Friday, January 08, 2010

MARRIED TO A STORYTELLER

When my right boot was on, and the left one was poised at the tip of a toe I said to David, “Maybe I should warn you that you are in the story I’m telling tonight.”
Story Café was starting in an hour and we were within moments of leaving the house.
“Oh no,” he said. “Don’t tell me.”
I was kind of glad to hear him say that. Really, I didn’t want to tell him, but at the last minute it seemed like I ought to give him some warning. After all, he’s a really good guy who supports everything I do in storytelling. Any time I earn a dollar at it he has generally spent two to make it possible. He arranges his holidays around the festivals I want to go to. He comes home earlier than usual on Story Café nights. So I owe him a lot. Trouble is, I tell a few stories about myself, and it’s hard to tell stories about yourself without making mention of a guy who’s been the main person in your life for 37 years.
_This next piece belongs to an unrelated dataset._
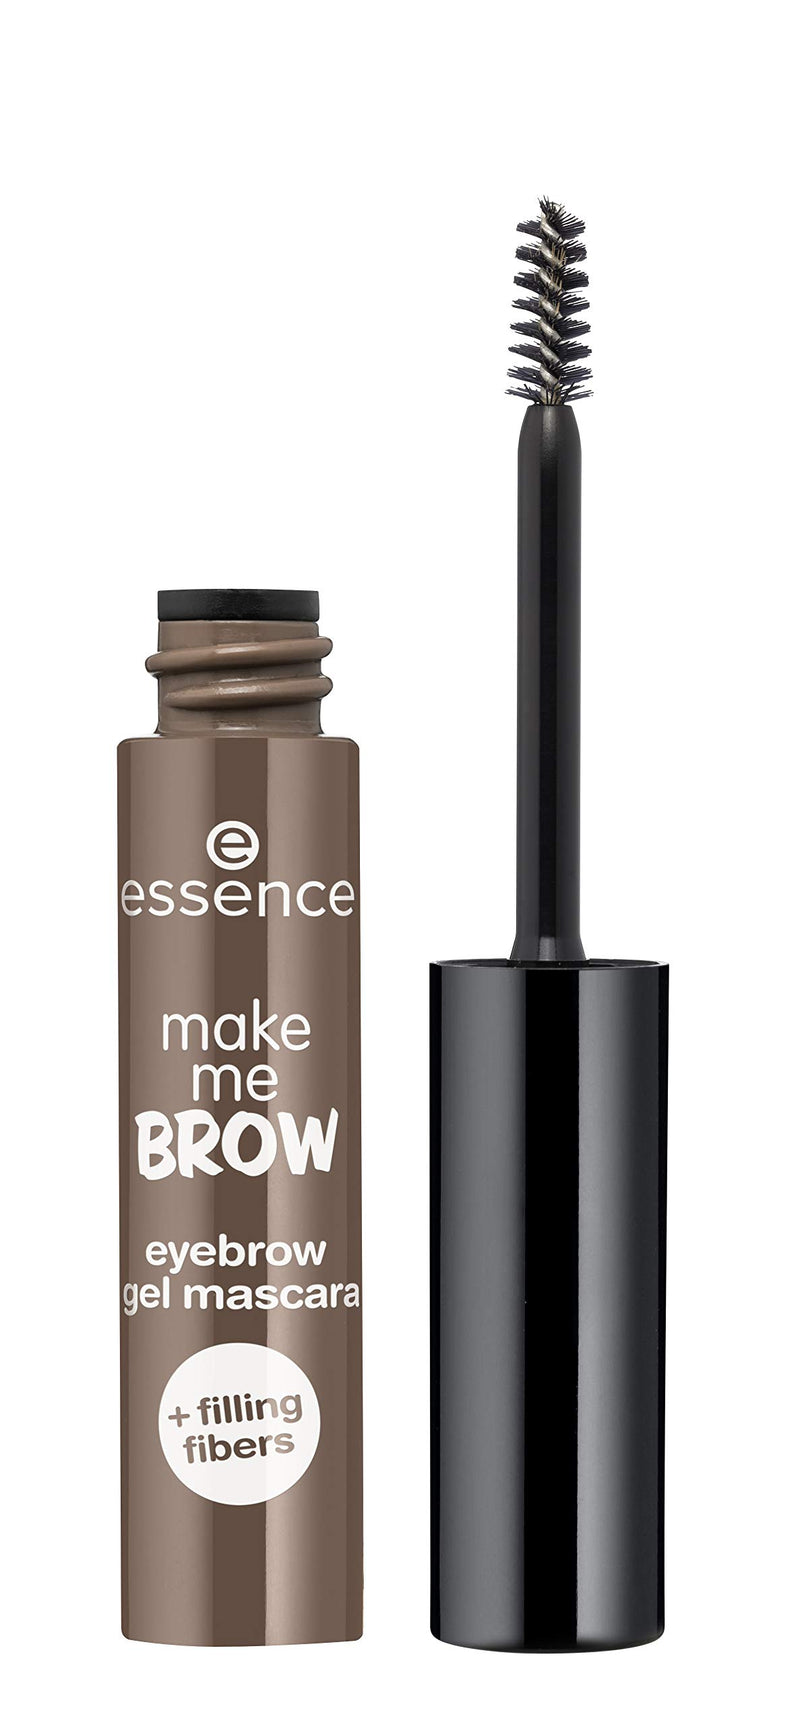 essence | 3-Pack Make Me Brow Eyebrow Gel Mascara | Infused with Fibers to Fill & Sculpt | Vegan & Paraben Free | Cruelty Free (02 | Browny Brows) 02 | Browny Brows - BeesActive Australia
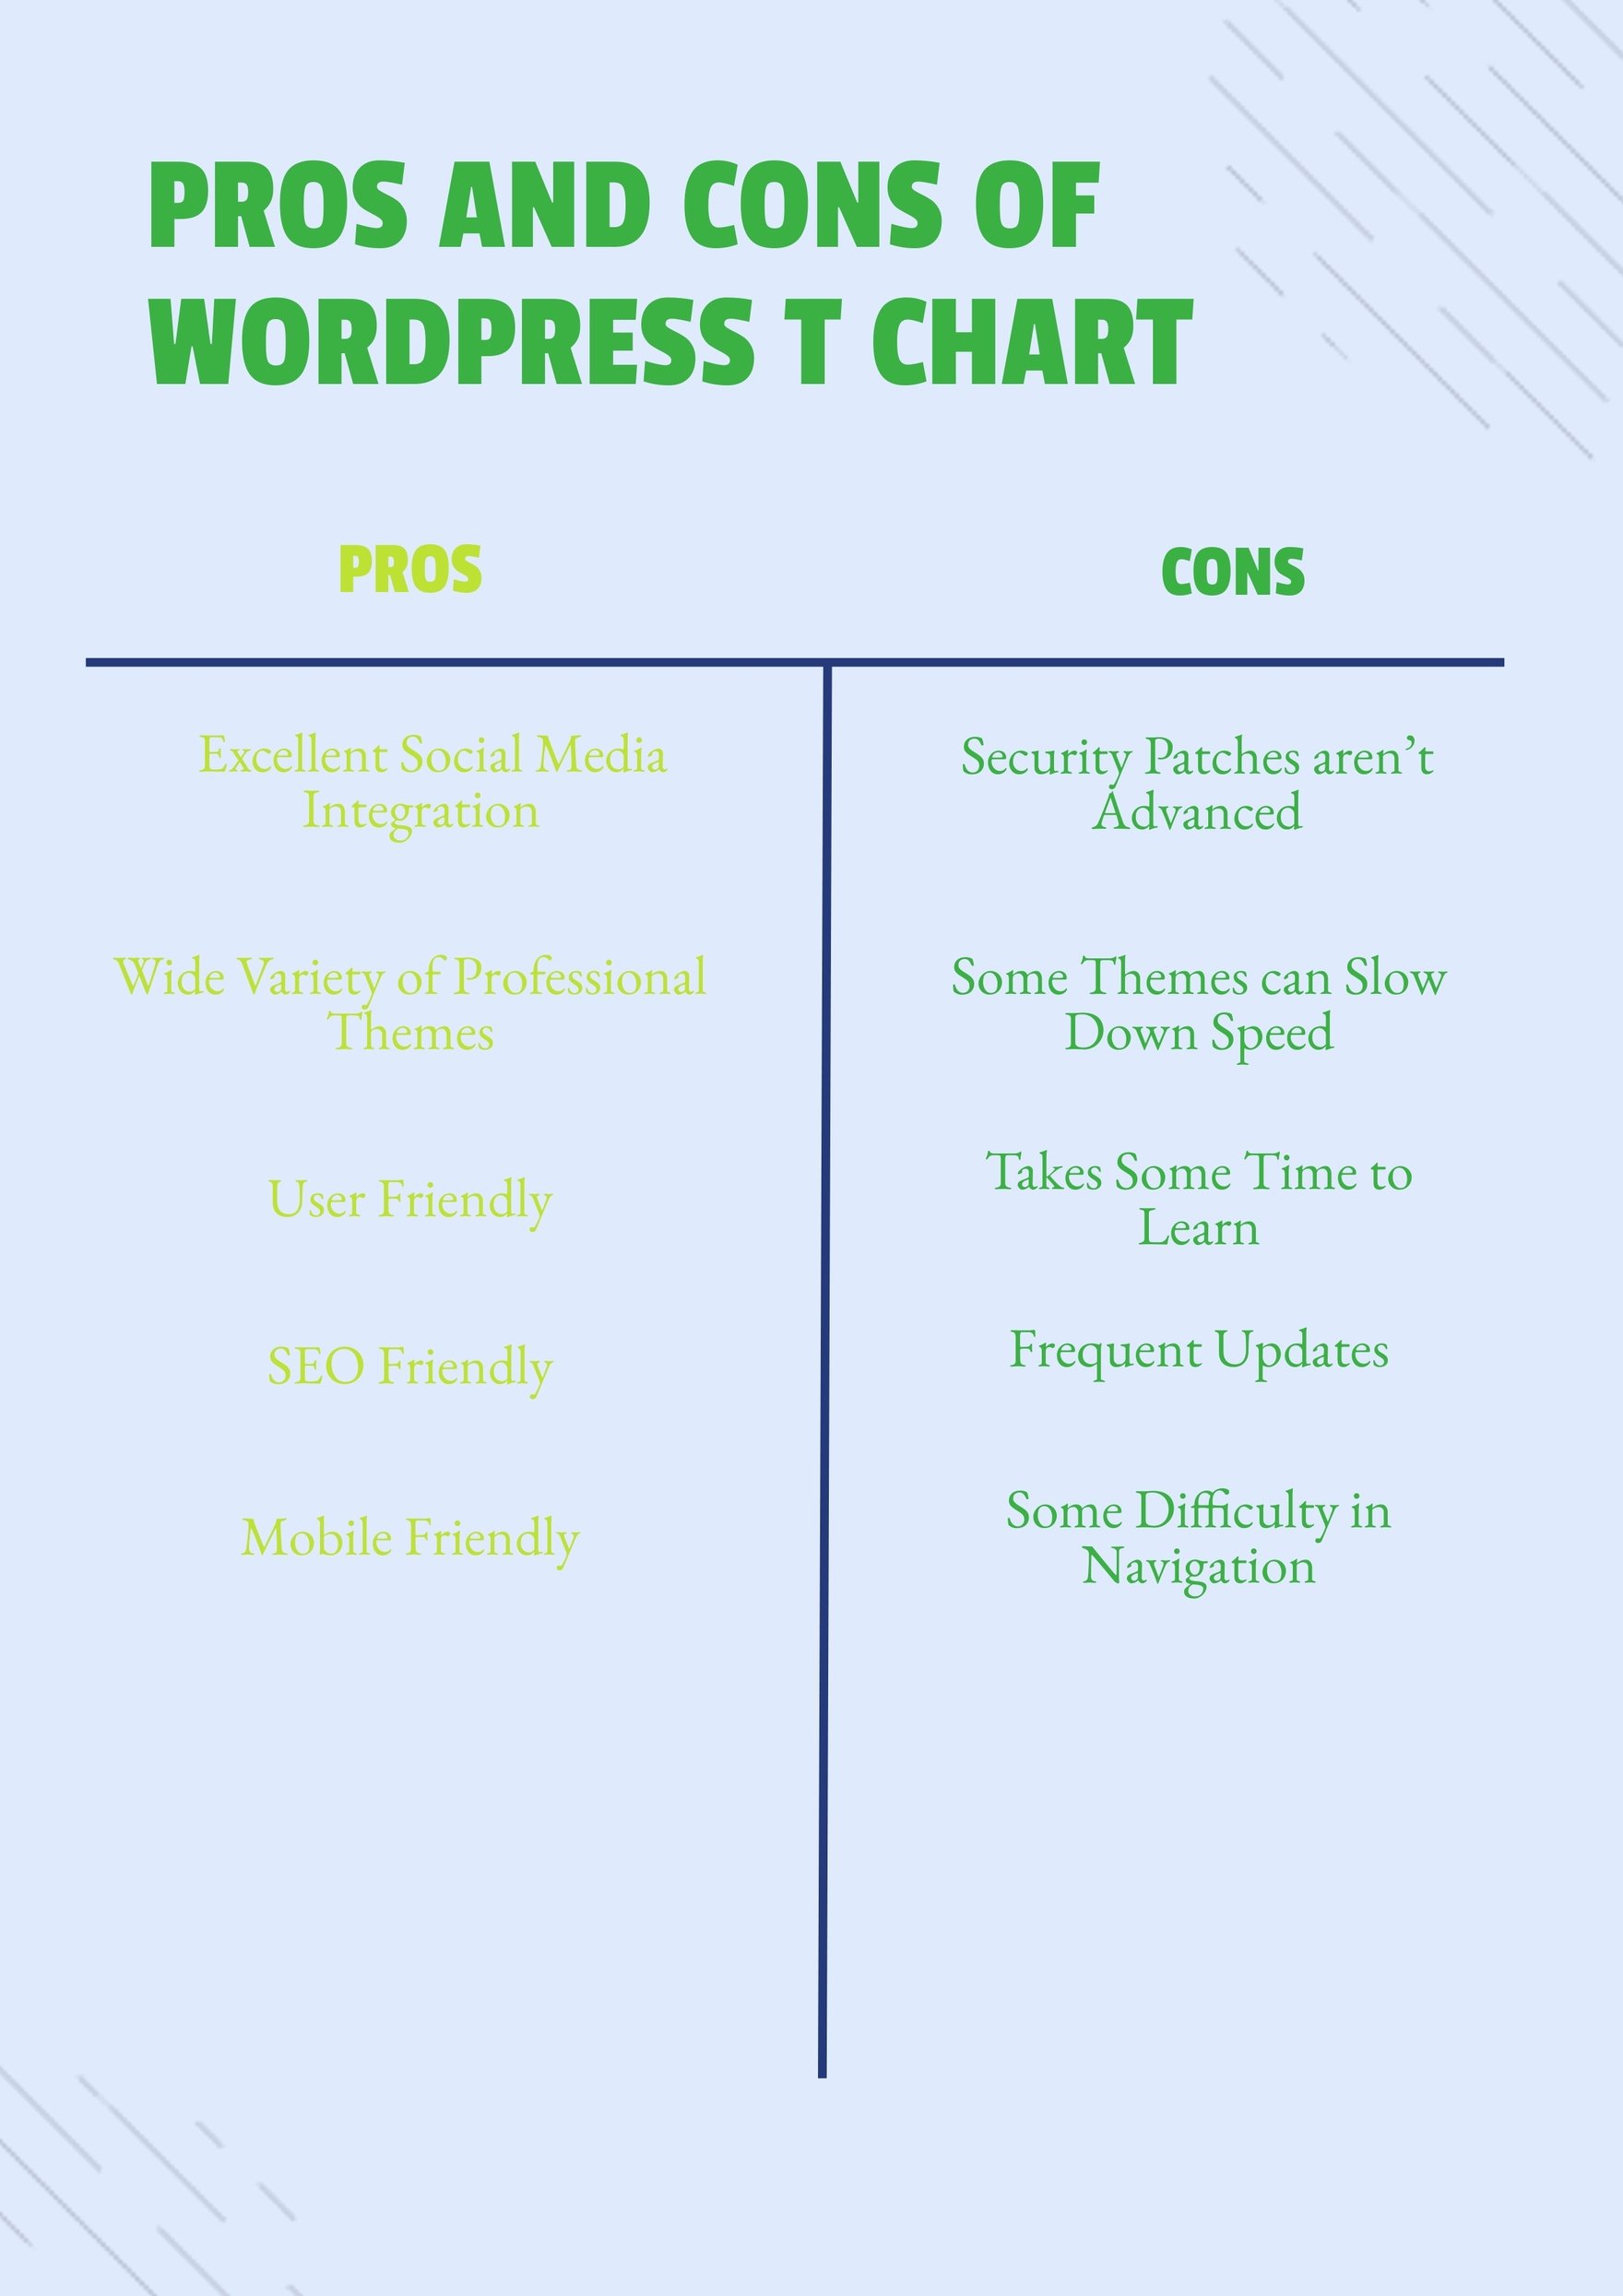 Pros and Cons of WordPress T-Chart in PDF, Illustrator

“Well tell me,” he said. I guess I shouldn’t have taken him literally when he said not to tell him.
The thing about stories, I mean true stories, is that the facts sometimes fall a little short of supporting the truth—I mean, short of supporting the truth in a manner that makes a really good story. And what is the point of telling any story to people who’ve paid to be at a story event if it isn’t going to be a really good story? So sometimes you have to work with the facts a bit, just bring in facts that really could have happened, knowing the big picture, maybe using a fact or two that didn’t happen on the day that is the day in the story. And sometimes you don’t remember exactly what people said, I mean maybe you know what they might have meant if they had tried to say something, so you use some interesting words they probably said some time.
“You might find some of the facts to be a little different than you remember them,” I warned. I felt it was fair to give him a little warning. I hadn’t wanted to warn him, but then I worried that he might feel the need to adjust the story while I was telling it. That could be disturbing to the other listeners at the café table. Actually, I might have left him out altogether if I hadn’t been thinking of the other listeners. I knew that if he was with me and wasn’t in the story, they’d surely be wondering why he wasn’t in the story. It’s so complicated, this storytelling business.
He really wasn’t much in the story. The theme of the evening was Snow and Other Flakes. The story was about Sir John Franklin who got lost looking for the Northwest Passage, Lady Jane Franklin the wife who made Sir John famous, and a really stupid thing I once did. My husband wasn’t mentioned in the first draft, but somehow the whole thing didn’t seem to balance out if the Franklins were a couple and I was a single.
“You’re not much in the story,” I said reassuringly.
He didn’t say anything. I thought perhaps I hadn’t convinced him. I tried again. “You really have a small part, a bit part I’d say.”
“Mmmmmmhmmmmmmm!” he said. He said it in that all-expressive way that tells you a lot. Loosely translated, it meant, “You’re going to pay for this.”
Too late I recognized the trap I’d set myself. If he had to be in a story, he’d better be important. What does it mean if you’re not important in a story told by somebody for whom you’ve been the main man over 37 years?
“The story’s about me,” I said, seeing the need for a remedy. “How can a story be about me without also being about you?” I smiled a smile that I hoped was a seductive, flattering smile. Actually, I’ve never been much good with facial expressions.
“We’re going to be late if you don’t put on your other boot,” he said. He’s always a practical man when it comes to getting to Story Café. And even though he later said that it had been a good story, I do believe that it must be very difficult to be married to a storyteller.